Exactly. Yeah, they sent me the script with an offer to direct. And with no questions asked. I didn’t have to do any kind of auditioning.
That is very rare! Obviously, things have gotten better for women directors in the past few years, after years of the most appalling statistics. What obstacles do you feel like you’ve faced as a woman director?
Especially with “Blockers,” I had a very good experience. I feel like the obstacles I have to face really are from the powers that be that still fight me at every level on what women want to watch, or think is funny. Or what is funny — forget gender.
My stuff happens to have female leads, and it’s female driven. So the jokes are coming out of women’s mouths. And I cannot tell you the amount of fighting I have about what they think is going to work, and what they think isn’t going to work. And there’s a lot of like, “I have all the expertise, you do not have the experience.”
And it’s just like, ‘I’ve been working in the comedy side for 15 years now — successfully.” And so what ends up happening is, I fight and fight and fight, and then I just do it and get it in. And then it gets put in front of an audience and the audience laughs. And then they have to say, “OK, that does work.” And you might not think that that’s that big of a deal. Maybe that’s creatively for everybody. Maybe it’s not gender specific. I tend to believe that it is gender specific.

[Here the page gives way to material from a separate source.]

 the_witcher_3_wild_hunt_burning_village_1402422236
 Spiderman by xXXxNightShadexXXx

Is that at the studio level?
From my experience, it’s mostly the studio level. And maybe I’m just sensitive to it or whatever. But I just feel like there’s a lot of conversations about what is funny out of a woman’s mouth. What’s allowed. And I feel like no matter how much success I had with “Pitch Perfect,” I think it’s still as much of a fight now as it was then. Which doesn’t make sense to me.
With “Cinderella” too?
Oh, especially with “Cinderella.”
And now we’re back on the record after going off for a bit! I rewatched the “Black Tie” episode of “30 Rock” yesterday, which you wrote with Tina Fey, in which Paul Reubens plays an afflicted prince. That was the moment in Season 1 when I realized, OK, I love “30 Rock.”

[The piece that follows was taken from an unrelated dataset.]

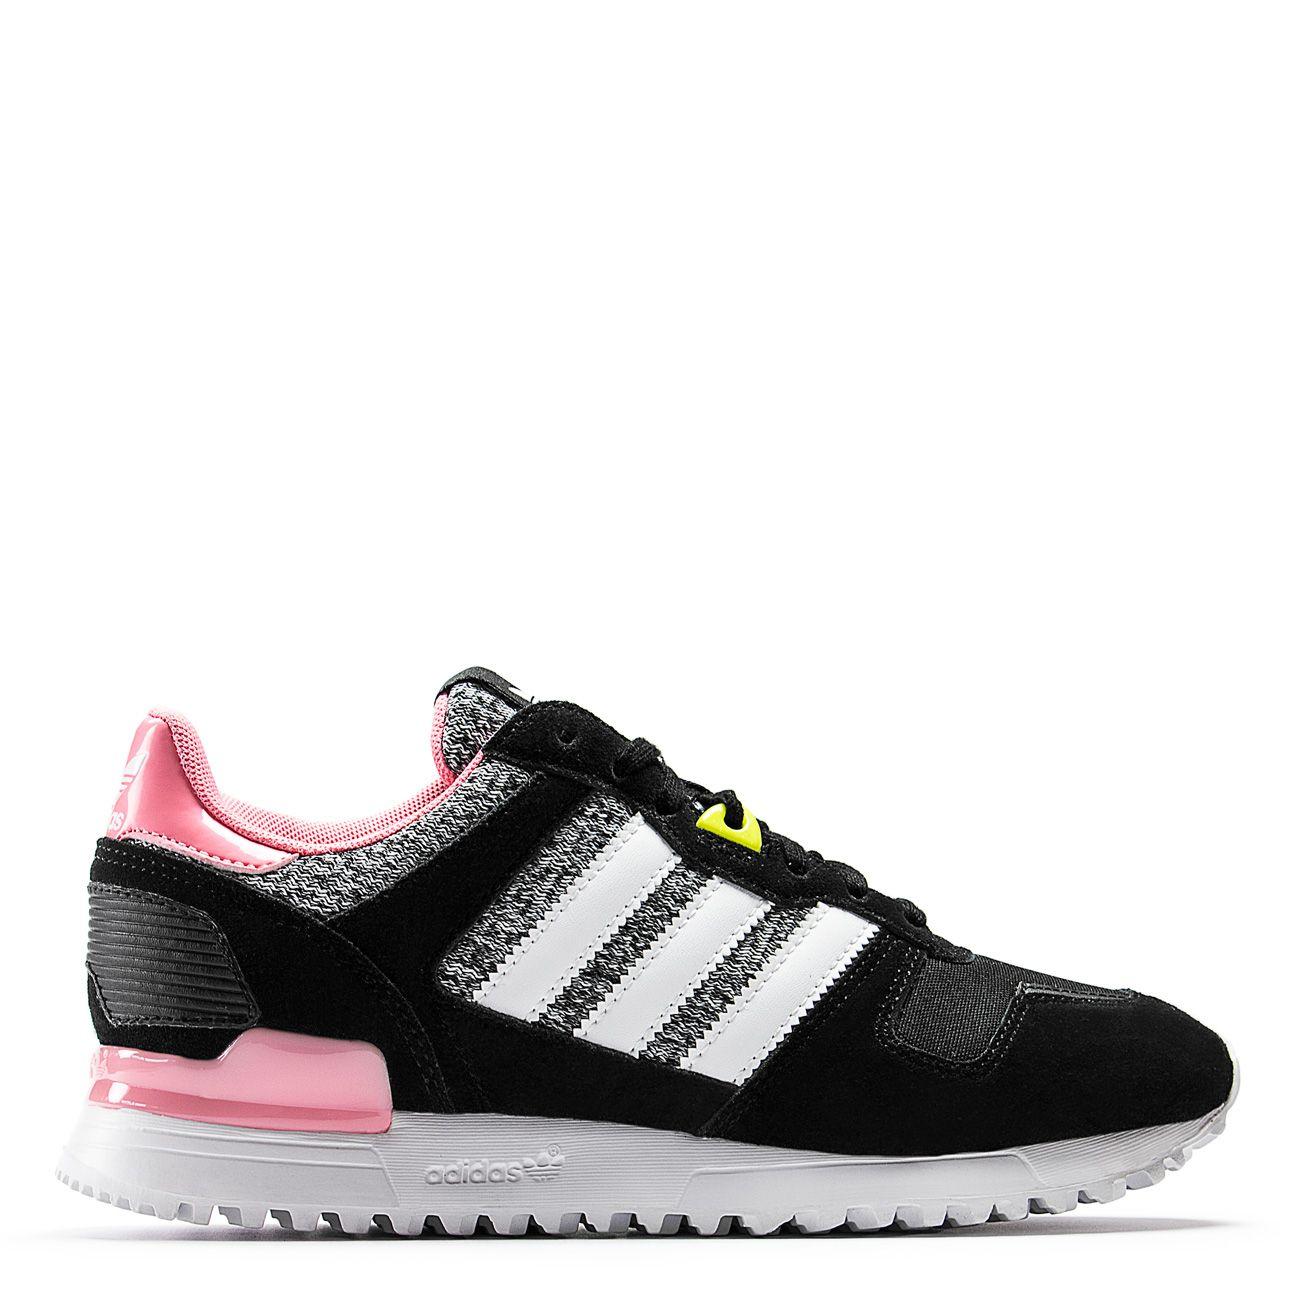 Adidas ZX 700- Woman | Bazar Desportivo shop online - Calçado, Roupa e  Acessórios. Adidas Zx 700Shoe GameSportTall Clothing

[Affects Prince Gerhardt voice] “THANK YOU FOR COMING TO MY BIRTHDAY.”
That was the first thing I ever wrote! You know, professionally.

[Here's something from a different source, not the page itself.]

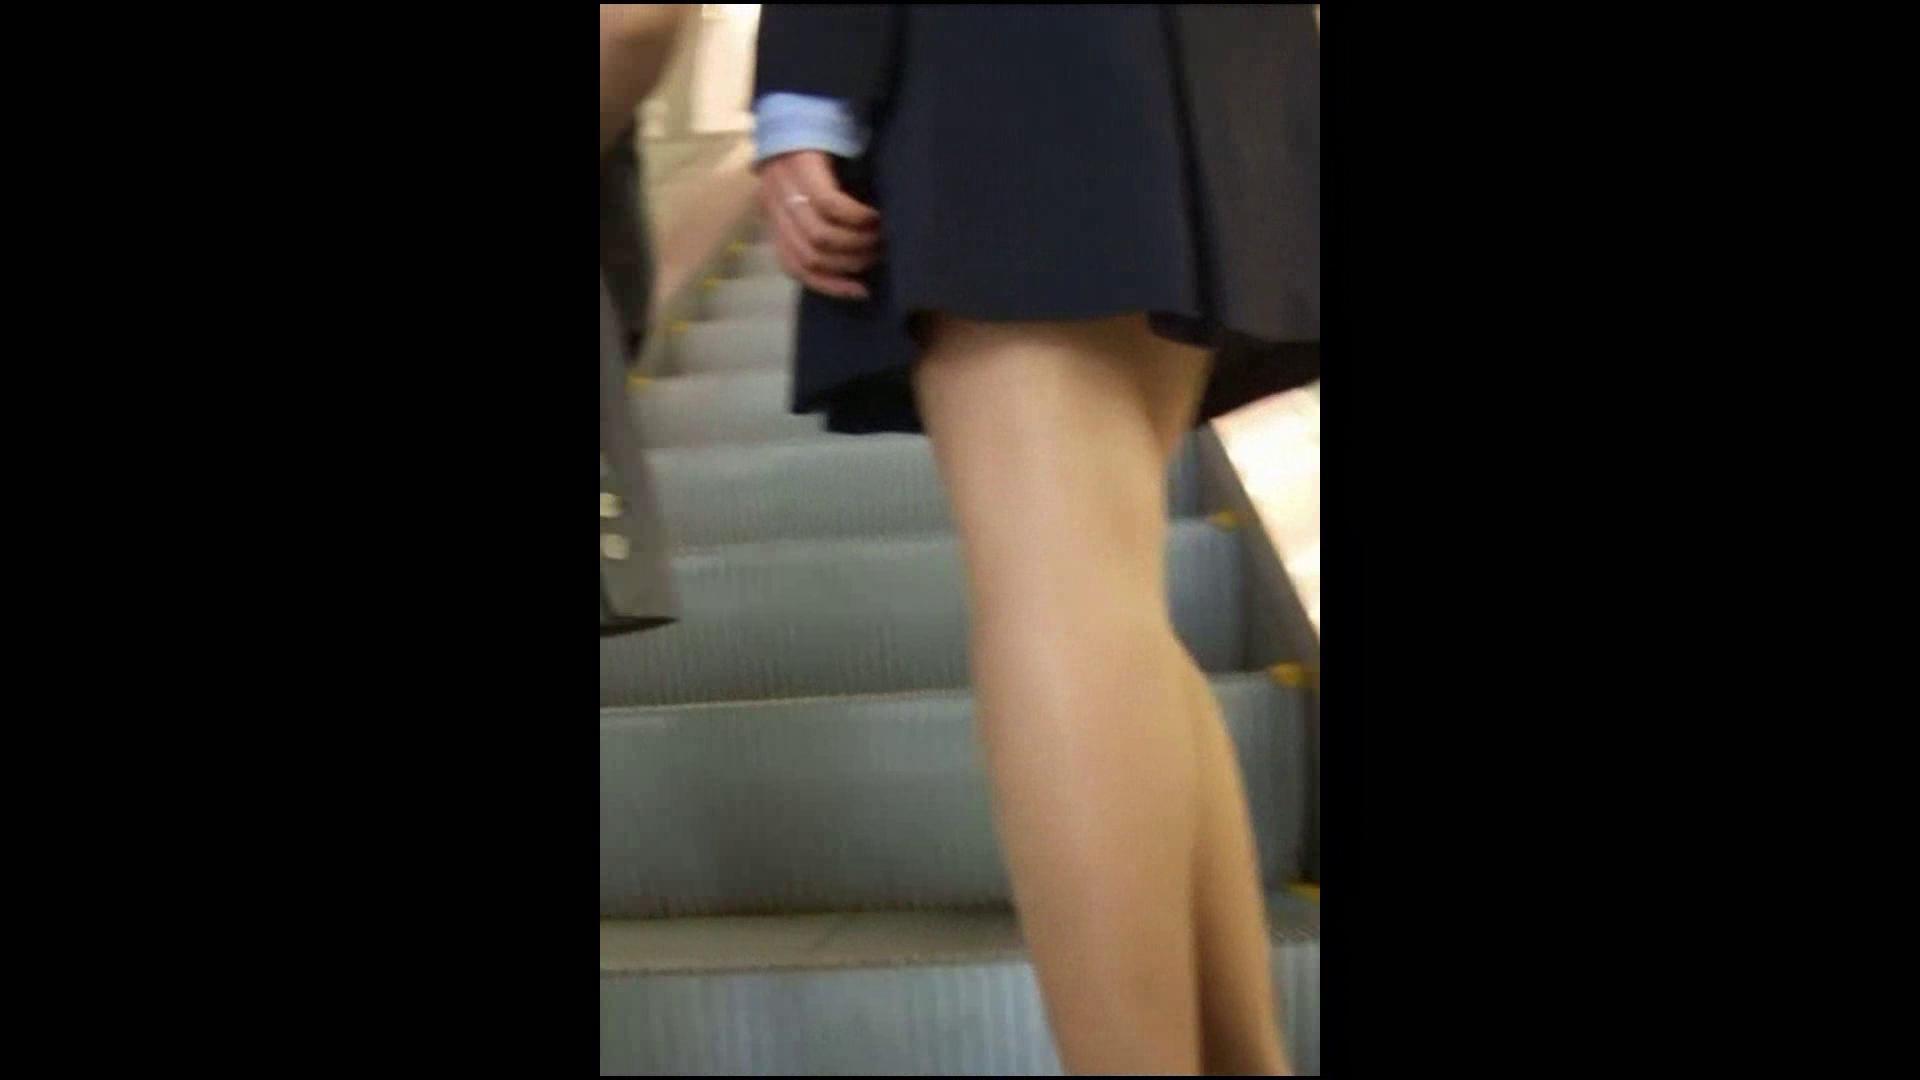 綺麗なモデルさんのスカート捲っちゃおう‼vol05 OLセックス   お姉さんヌード  59画像 49

An unbelievable calling card to have as your first screen credit.
Yes! I was asked recently who is my Fab G, and my answer is Tina Fey. I wrote stuff as a friend she was reading. And I never thought that she would consider me for her staff, and she just grabbed me and was like, “You’re gonna do this!” I thank her every day for giving me that opportunity.
There are so many conversations right now about what’s acceptable in comedy. As a screenwriter who’s done mostly comedy, how do you feel about that?
Right now I think we’re in the muck, and I think we’re striving for equality. And we’re trying to work things out! Of course we should look back at things that were done 15 years ago, and be like, “Oh, no!”
I don’t know if this is a story I should tell. But I can remember getting notes to put the f-slur into “Pitch Perfect” as them being bullied like by the cool athletic guys. And I was like: “No! I can’t do that.” I think I put it in for a draft, and a friend of mine read it, and she’s like, “You cannot have that in.” And I was like, “It’s a note I was given!” I was told to do that, you know?’ And then like realizing, no, it’s unacceptable. You cannot use that word. Even if you’re trying to show that it’s awful, don’t do it.
You have to have your moral compass, and know what’s right for you. And there’s just some things we just shouldn’t tolerate anymore. And they’re just not acceptable. I’m certain if I looked back at stuff that I would cringe, you know? Or just, that’s how people thought then. And I was one of those people. But certainly now if you know better, you do better, right? Is that too soapboxy?
This interview has been edited and condensed.